A very nice guy rescued this donkey and he has offered her to me for what he paid. I told her I might take her but I need to know if she is healthy enough!

She has this swelling along her crest that is the size and shape of a foot ball-- what the heck is it????

It doesn't seem to be sore on this poor girl, but geesh-- she's got a lot to complain about! Her feet are curled under and look like elf slippers.

My farrier is going to look at her in a little bit today. I think we can work with that.

But what is the swelling?


----------



## MeadowRidge Farm (Jun 7, 2005)

It is probably the crest itself you are feeling. Alot of times when the crest starts to roll over it feels especially heavy in the area you are describing, and also the shape of a football. I have had some horrible hooves with some of the rescues. All are just about back to normal, with the exception of Clementine..my last rescue, and there is nothing we can do for her. She has been vet checked by 2 vets, and at one time she broke her leg, and it healed over. I feel so bad for her, but she has her own pasture with her barn and her baby Taco, which makes her one happy donkey! She will live the rest of her life here. Its such a rewarding feeling when you can help these poor donkeys, and it seems like the abused ones seem to know and offer there love back 100 times over! I am hoping you give this donkey a chance..you wont be sorry!! Corinne


----------



## yankee_minis (Jun 7, 2005)

I've felt a rolled crest before. This is entirely different. It's a symmetrical bulge on both sides and is soft tissue. It doesn't seem to cause her pain.

The guy who rescued her thought it had something to do with the jacks biting her neck.

I don't know if you can see the lump or not.


----------



## lyn_j (Jun 7, 2005)

[SIZE=14pt]If this is the donkey with the bad feet my bet is she has foundered and that is what the lumpy neck and feet are from. She probably has some other metabolic stuff going on. This girl is going to cost you more to care for that what you pay for her.[/SIZE]

Lyn


----------



## shminifancier (Jun 7, 2005)

> This girl is going to cost you more to care for that what you pay for her.


 IMO That was uncalled for at a time like this..


----------



## lyn_j (Jun 7, 2005)

[SIZE=14pt]Why is that uncalled for? She is probably foundered or at least a cushings candidate.... Tracy , dont take it wrong but this poor girl has problems. Glad you can rescue her but just making you aware. [/SIZE]

Lyn


----------



## MeadowRidge Farm (Jun 7, 2005)

I cant believe that comment was made, definitely uncalled for! . Its animals like this that need someone to give them a quality of life! Not every donkey has the luxury of being pampered, and loved like we would all like to see. I have taken in 4 rescue donkeys, and 3 were in horrible shape, plus beaten, do you think it would of been better to just think..oh well, its going to cost me more then she is worth??? When you help a animal out , you do it for the compassion we have for animals...not for the time or money involved!
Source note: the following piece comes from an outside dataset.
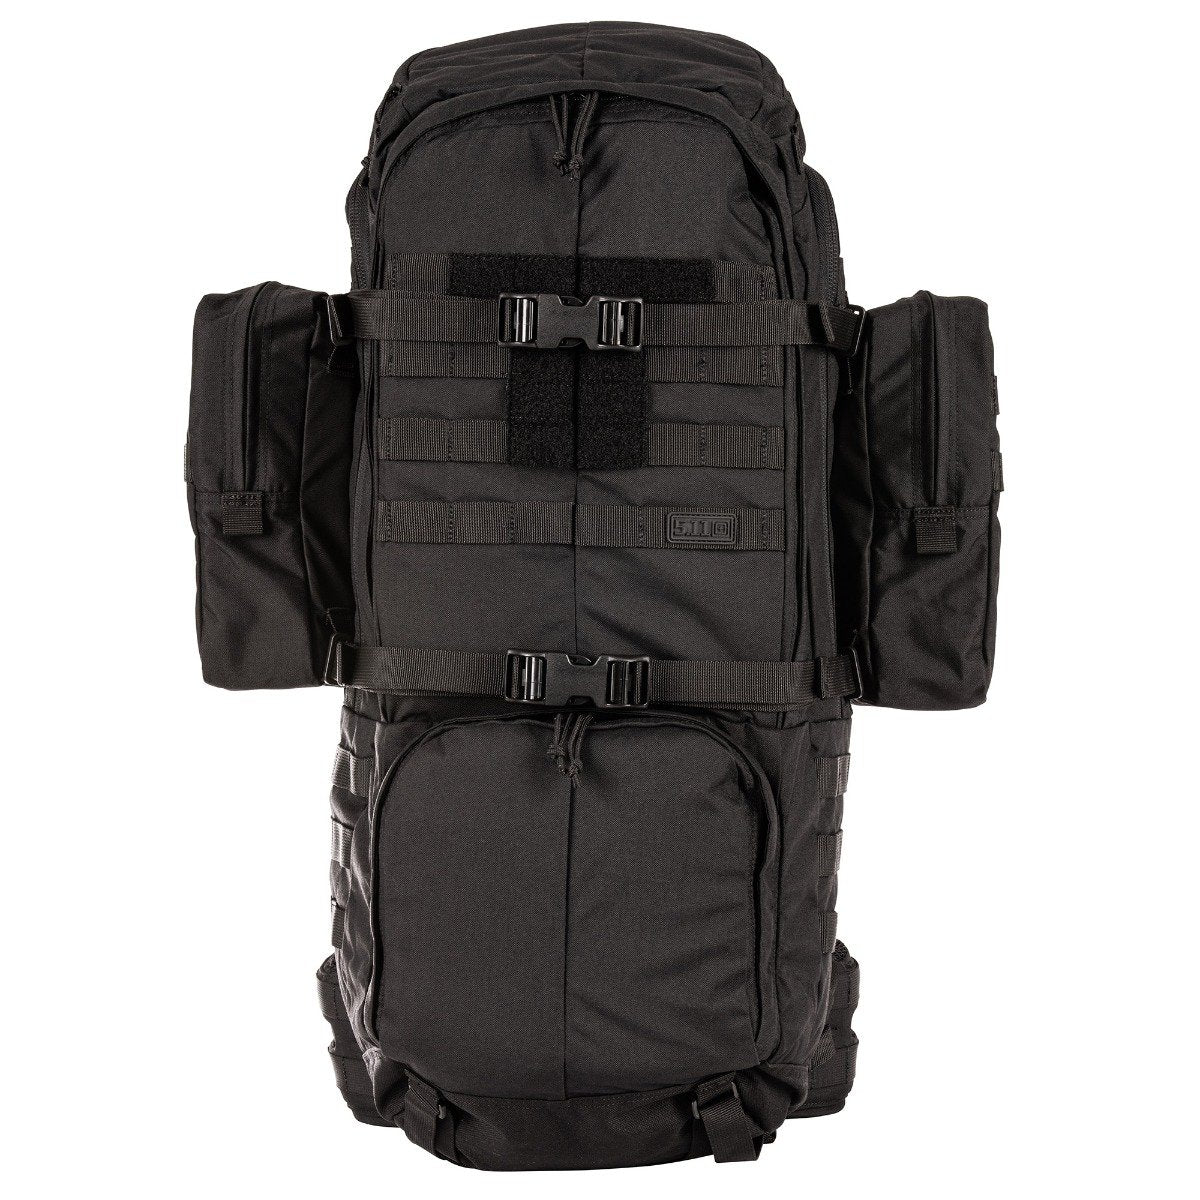 5.11 Tactical Rush100 60L Backpack Black Bags, Packs and Cases 5.11 Tactical Small/Medium Tactical Gear Supplier Tactical Distributors Australia

There are alot of foundered horses, would you feel the same about one of your horses if it foundered.?? Yankee, I am going to show a friend of ours who is a old mule man this picture and ask him.. it could easily be from getting bit, by jacks. I also have some picture of some of the donkeys feet, that I rescued (might even be posted somewhere on this forum!!) they were horrible. If you would like to see them let me know. Corinne


----------



## lyn_j (Jun 7, 2005)

Guys Im not saying dont rescue her.... Im just saying be prepared. I would find a way to take her myself if someone offered her and yes I would not hesitate to spend whatever to get her better. I also have a 21 year old foundered mare that is well loved and cared for that wasnt what I was trying to say....


Lyn


----------



## lyn_j (Jun 7, 2005)

[SIZE=14pt]I need to appologize to Tracy and everyone for the tone of my post. I know this is no excuse but I am sitting in a house without air conditioning even tho there are two heat pumps out there....neither one working and one is brand new last year, and it is 102 heat index and 98 degrees. Im literally sitting in a puddle of perspiration. I really didnt mean it in a bad spirit.[/SIZE]

Lyn


----------



## yankee_minis (Jun 7, 2005)

Lyn, that's okay. I didn't take offense. I had the farrier out tonight and after 3 hours she got her looking almost normal without harming her. She was walking smoothly after she figured out the long hooves weren't in her way anymore.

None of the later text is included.